* **Input data**
Segment Open
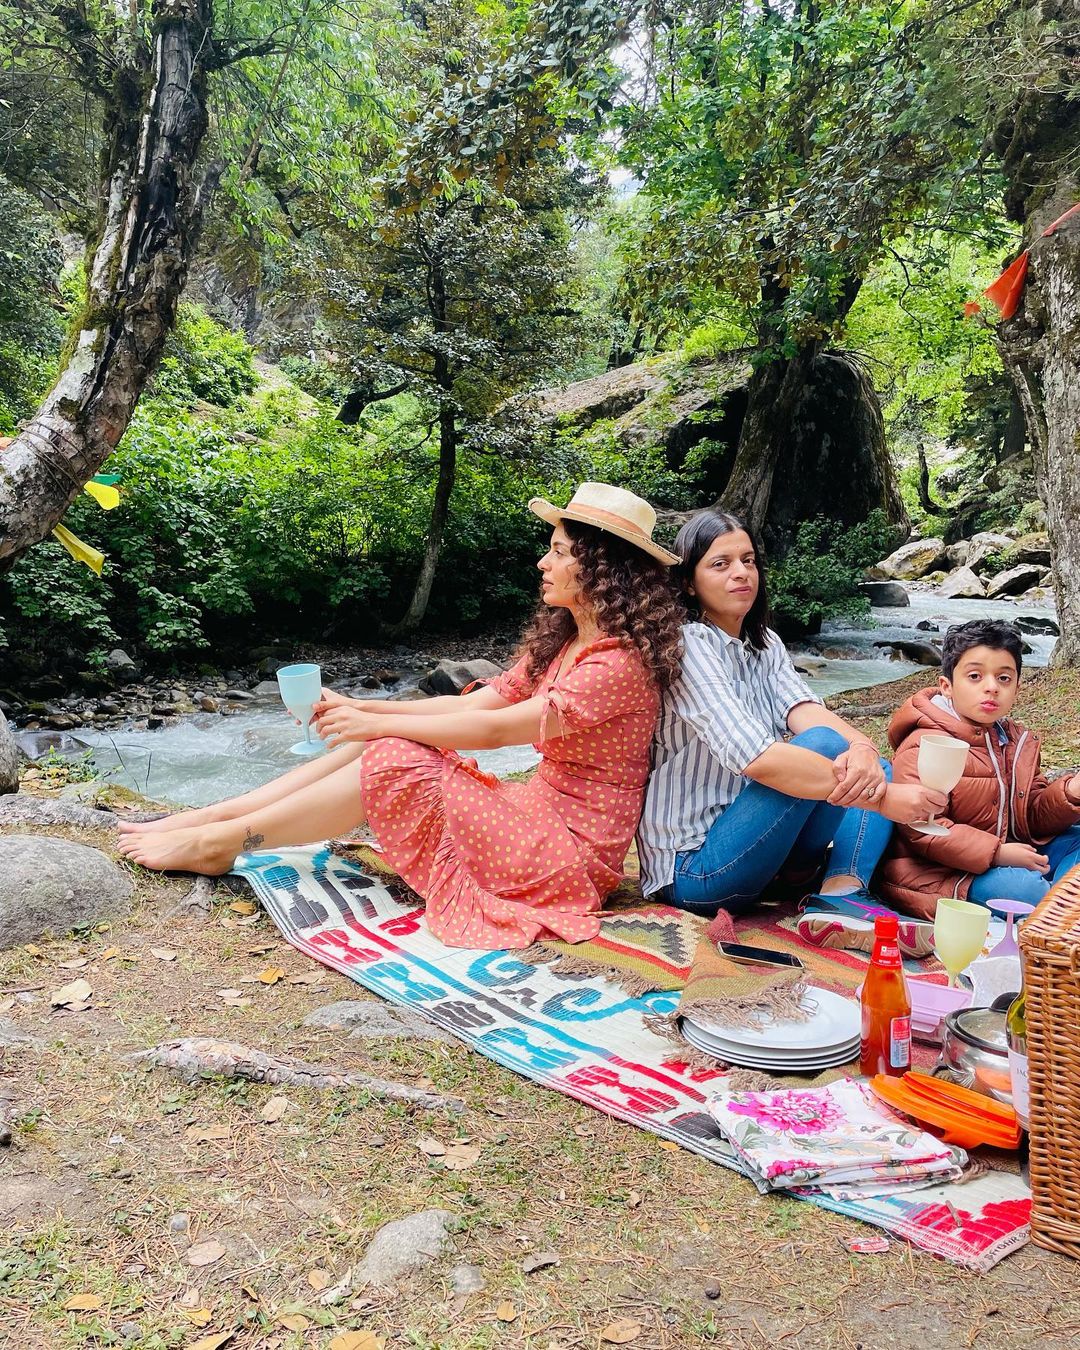 Kangana Ranaut gives compnay to her sister and nephew during the family picnic.
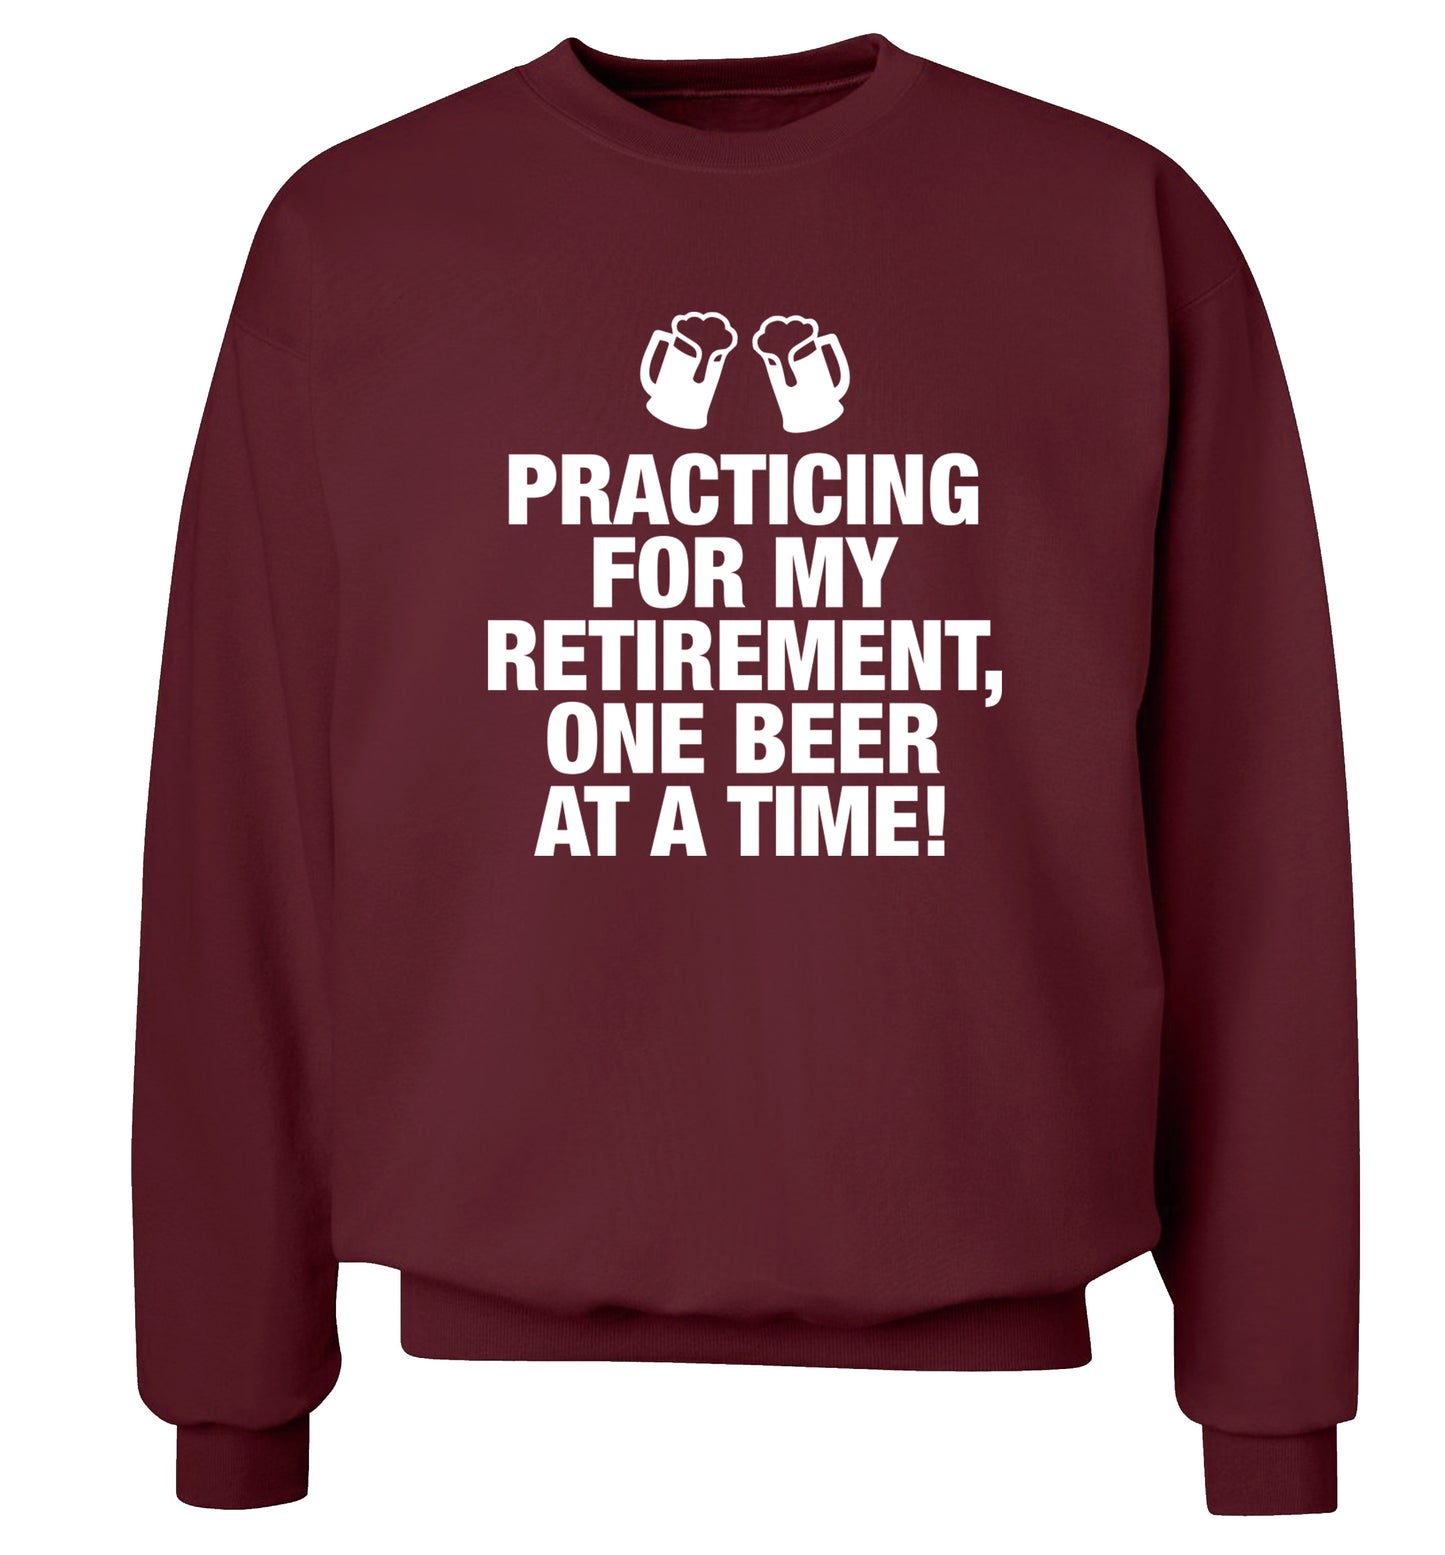 Practicing my retirement one beer at a time Adult's unisex maroon Sweater 2XL
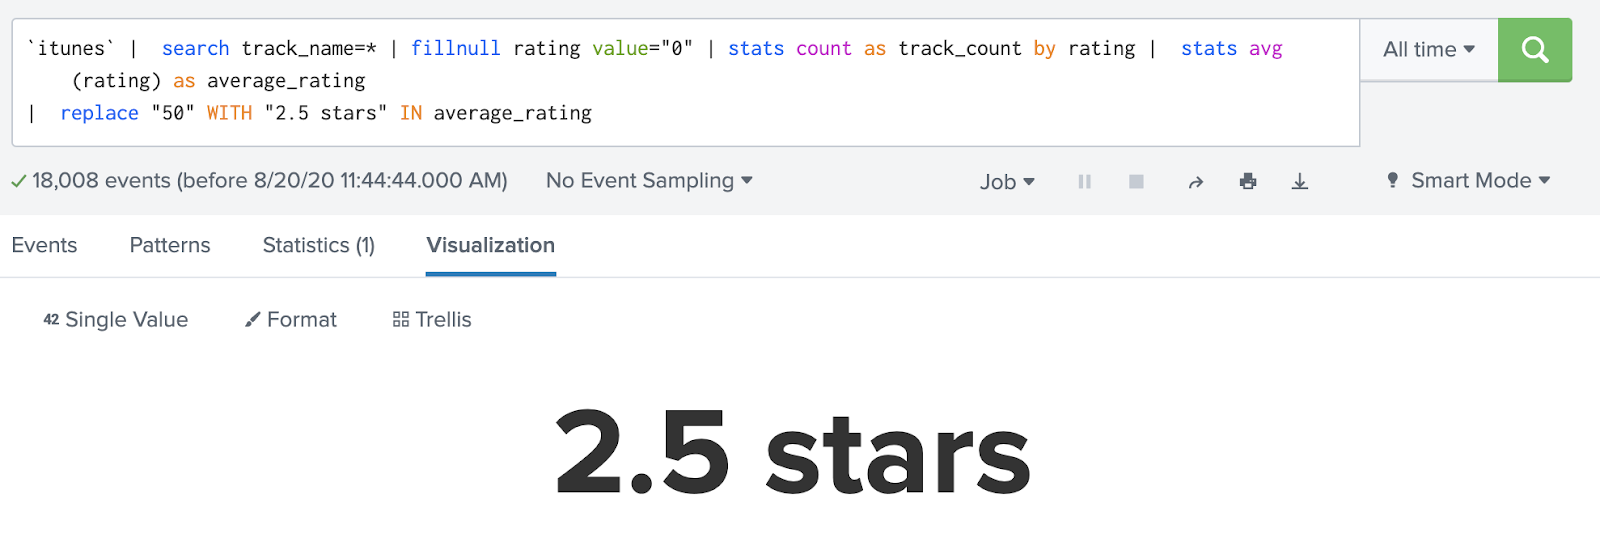 Screenshot of splunk search and visualization showing “2.5 stars”. Splunk search is: itunes | search track_name=* | fillnull rating value=“0” | stats count as track_count by rating | stats avg(rating) as average_rating | replace “50” WITH “2.5 stars” IN average_rating
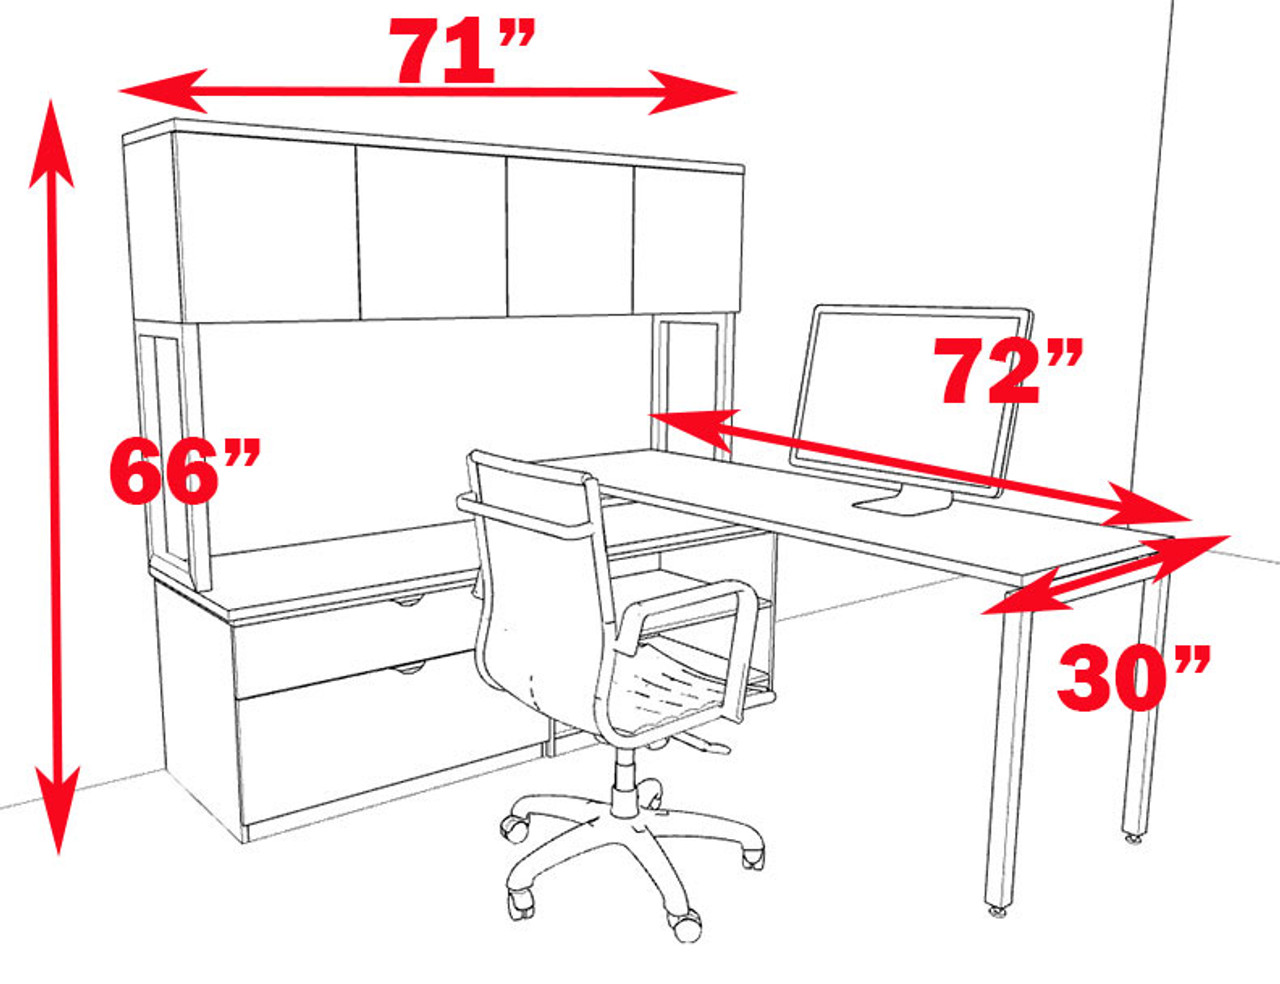 3pc L Shaped Modern Contemporary Executive Office Desk Set, #OF-CON-L45
Segment Closed
* **The problem**
Give exactly the lines above that run from the line with "Practicing my retirement" to the line with "Screenshot of splunk", both included, leaving every picture out.

* **Response to this task**
 Practicing my retirement one beer at a time Adult's unisex maroon Sweater 2XL
 Screenshot of splunk search and visualization showing “2.5 stars”. Splunk search is: itunes | search track_name=* | fillnull rating value=“0” | stats count as track_count by rating | stats avg(rating) as average_rating | replace “50” WITH “2.5 stars” IN average_rating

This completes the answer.